Before shipping a feature:

- [ ] Error messages pass "3am test" (can user fix without Googling?)
- [ ] No `<placeholders>` in suggested commands
- [ ] TTY detection for all interactive features
- [ ] Consistent flag usage (`--force`, not `--yes`)
- [ ] Silent success (don't say "Successfully completed!" for normal operations)
- [ ] No assumptions about destructive intent

**For detailed guidance**: See `agent_notes/ux_principles/`
- `error_messages.md` - Comprehensive error message principles
- `cli_design.md` - CLI design patterns and anti-patterns
- `lessons_learned.md` - Real mistakes and how we fixed them

## Project Structure & Module Organization

- `Cargo.toml` / `Cargo.lock`: Rust workspace metadata and dependency locks.
- `src/main.rs`: CLI entrypoint (`clap`) and subcommand routing.
- `src/commands/`: Subcommand implementations (e.g., `create`, `sync`, `restack`, `move`).
- `src/git_gateway.rs`: Unified interface for all `git2` operations.
- `src/state.rs`: Operation state persistence under `.git/diamond/operation_state.json`.
- `src/ref_store.rs`: Stack metadata persistence using git refs (`refs/diamond/parent/*`).
- `src/operation_log.rs`: Transaction history for undo/redo and crash recovery.
- `src/validation.rs`: Integrity checks for stack data and git state.
- `src/forge/`: Hosting provider integrations (e.g., GitHub).
- `agent_notes/`: Design/architecture notes (not part of the shipped binary).
  - `agent_notes/ux_principles/`: Comprehensive UX guidelines for error messages, CLI design, and lessons learned.
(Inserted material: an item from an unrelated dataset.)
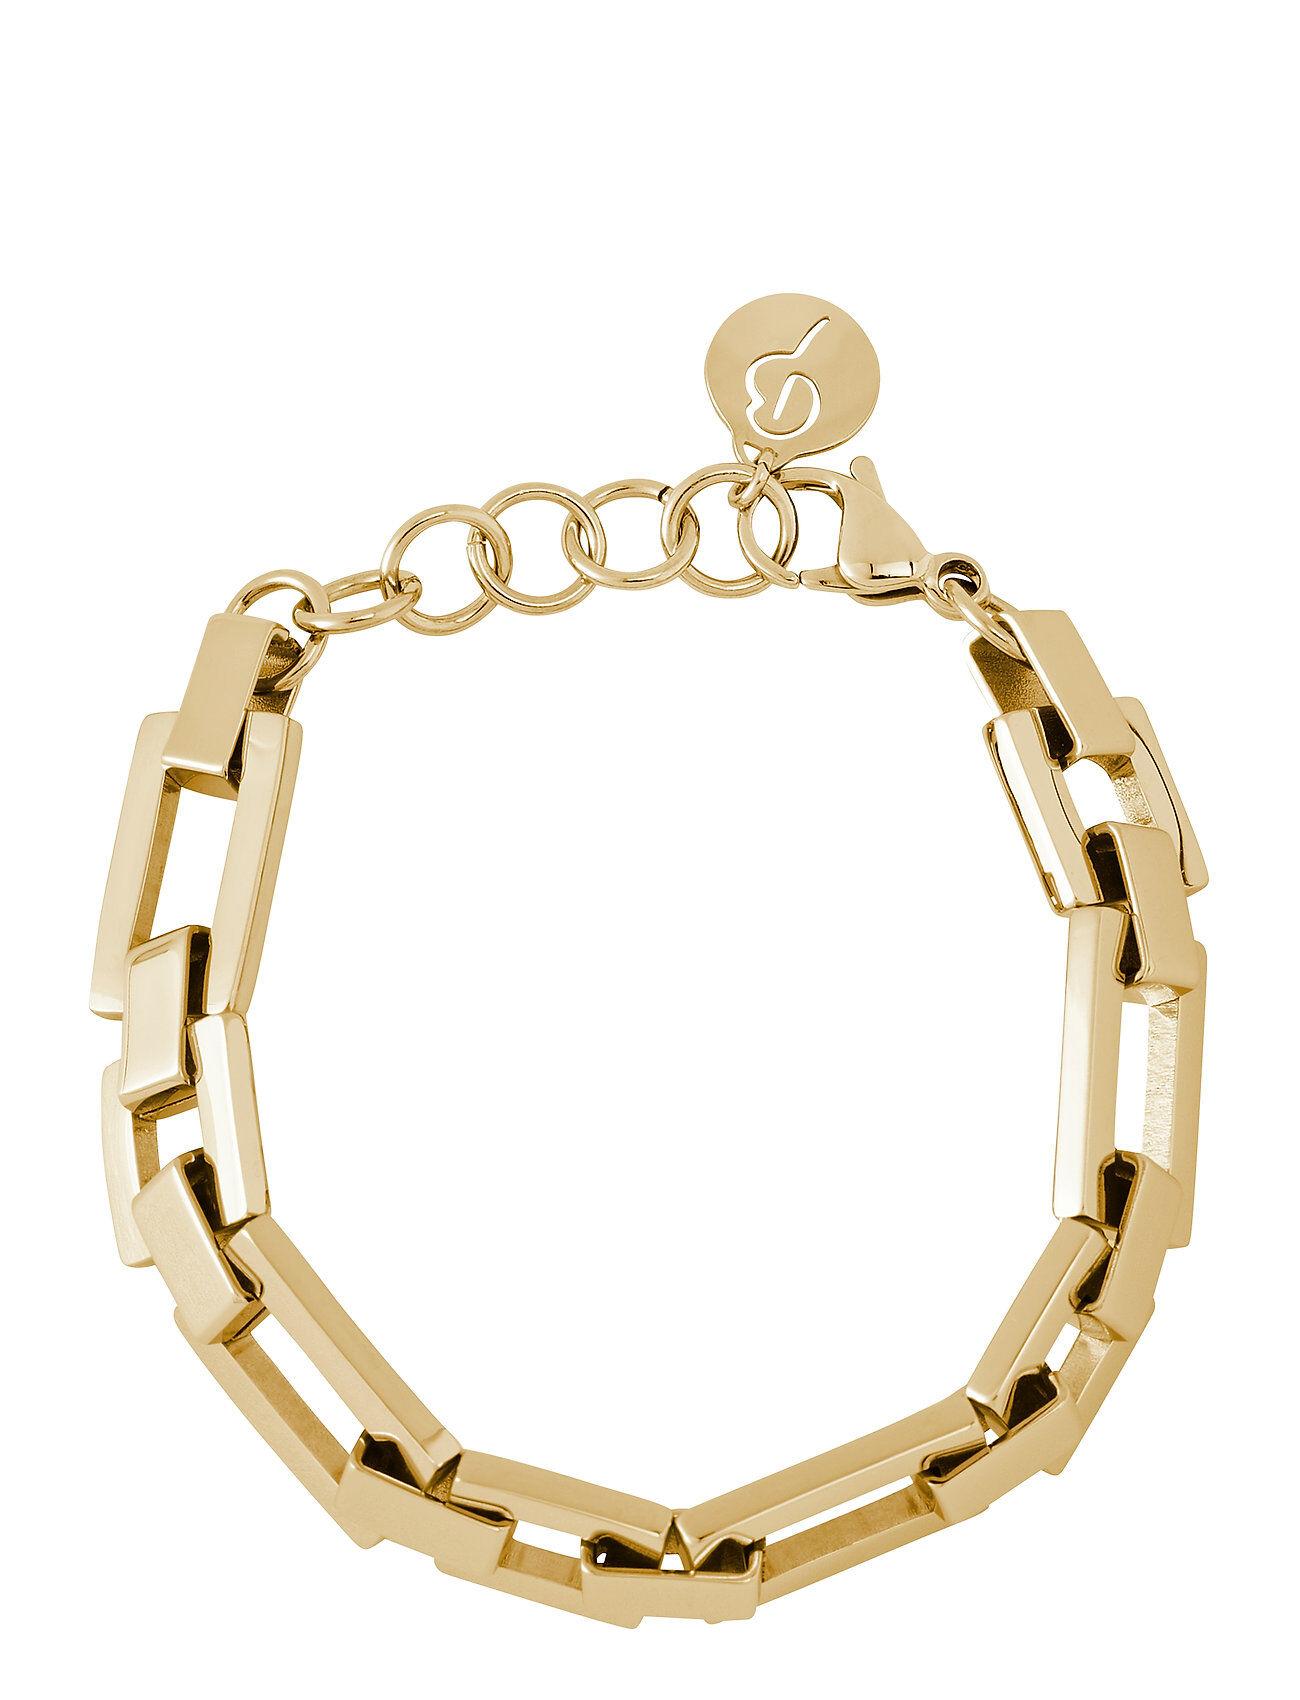 Edblad Deco Bracelet Accessories Jewellery Bracelets Bangles Kulta Edblad
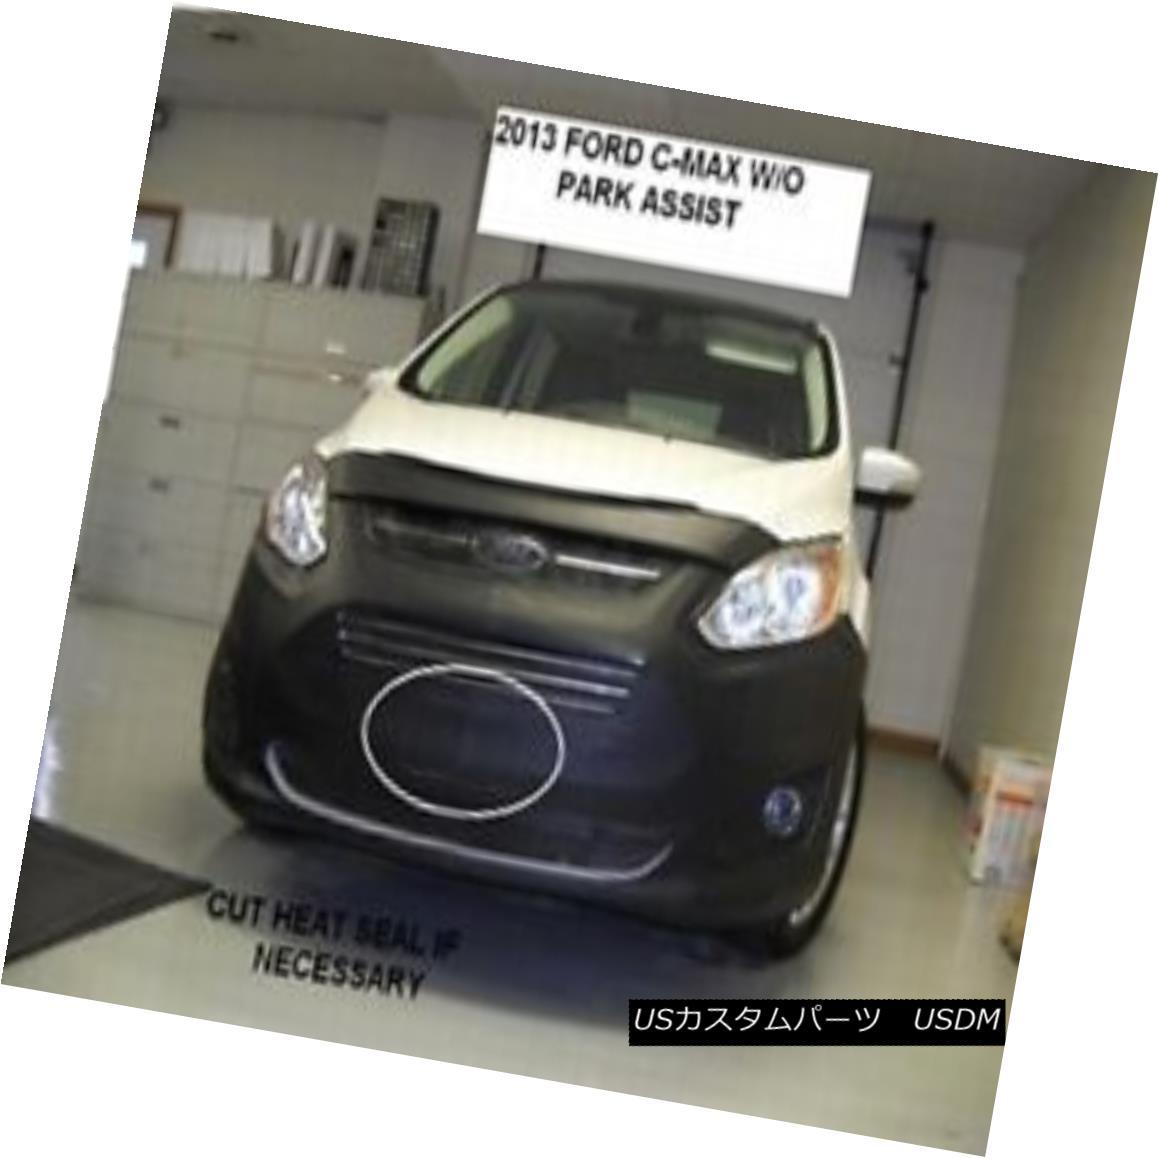 フルブラ ノーズブラ Lebra Front End Mask Bra Fits Ford C-Max 2013-2018 model w/o park assist. Lebraフロントエンドマスクブラは、フォードC-Max 2013-2018モデル(パークアシストなし)に適合します。

## Build, Test, and Development Commands

### Quick Reference
- `just`: Show all available commands
- `just test` or `cargo t`: Run all tests (unit + integration)
- `just check`: Run fmt + clippy + tests (pre-commit validation)
- `just playground`: Create isolated test repo for manual testing (**USE THIS, NOT THE REAL REPO**)
- `cargo build`: Compile a debug build
- `cargo run -- --help`: Run the CLI and show available subcommands
- `cargo run -- log`: Launch the TUI stack view (`ratatui`/`crossterm`)
- `cargo fmt`: Format with `rustfmt` (run before opening a PR)
- `cargo clippy --all-targets --all-features -- -D warnings`: Lint; treat warnings as errors

### ⚠️ CRITICAL: Safe Testing Environments

**NEVER test features directly in the Diamond repository!**

This project provides safe, isolated environments for testing:

#### 1. Automated Integration Tests (`tests/`)
- All integration tests run in temporary directories that auto-cleanup
- Tests spawn the actual `dm` binary for end-to-end validation
- Run with: `just test-integration` or `cargo ti` or `cargo test --test '*'`
- **Structure**:
  - `basic_tests.rs`: Core command functionality
  - `stack_ops_tests.rs`: Complex stack manipulations
  - `sync_restack_tests.rs`: Rebase and sync logic
  - `battle_hardness_tests.rs`: Chaos testing and stress scenarios
  - `edge_cases_tests.rs`: Robustness against bad states

#### 2. Manual Testing Playground (`sandbox/`)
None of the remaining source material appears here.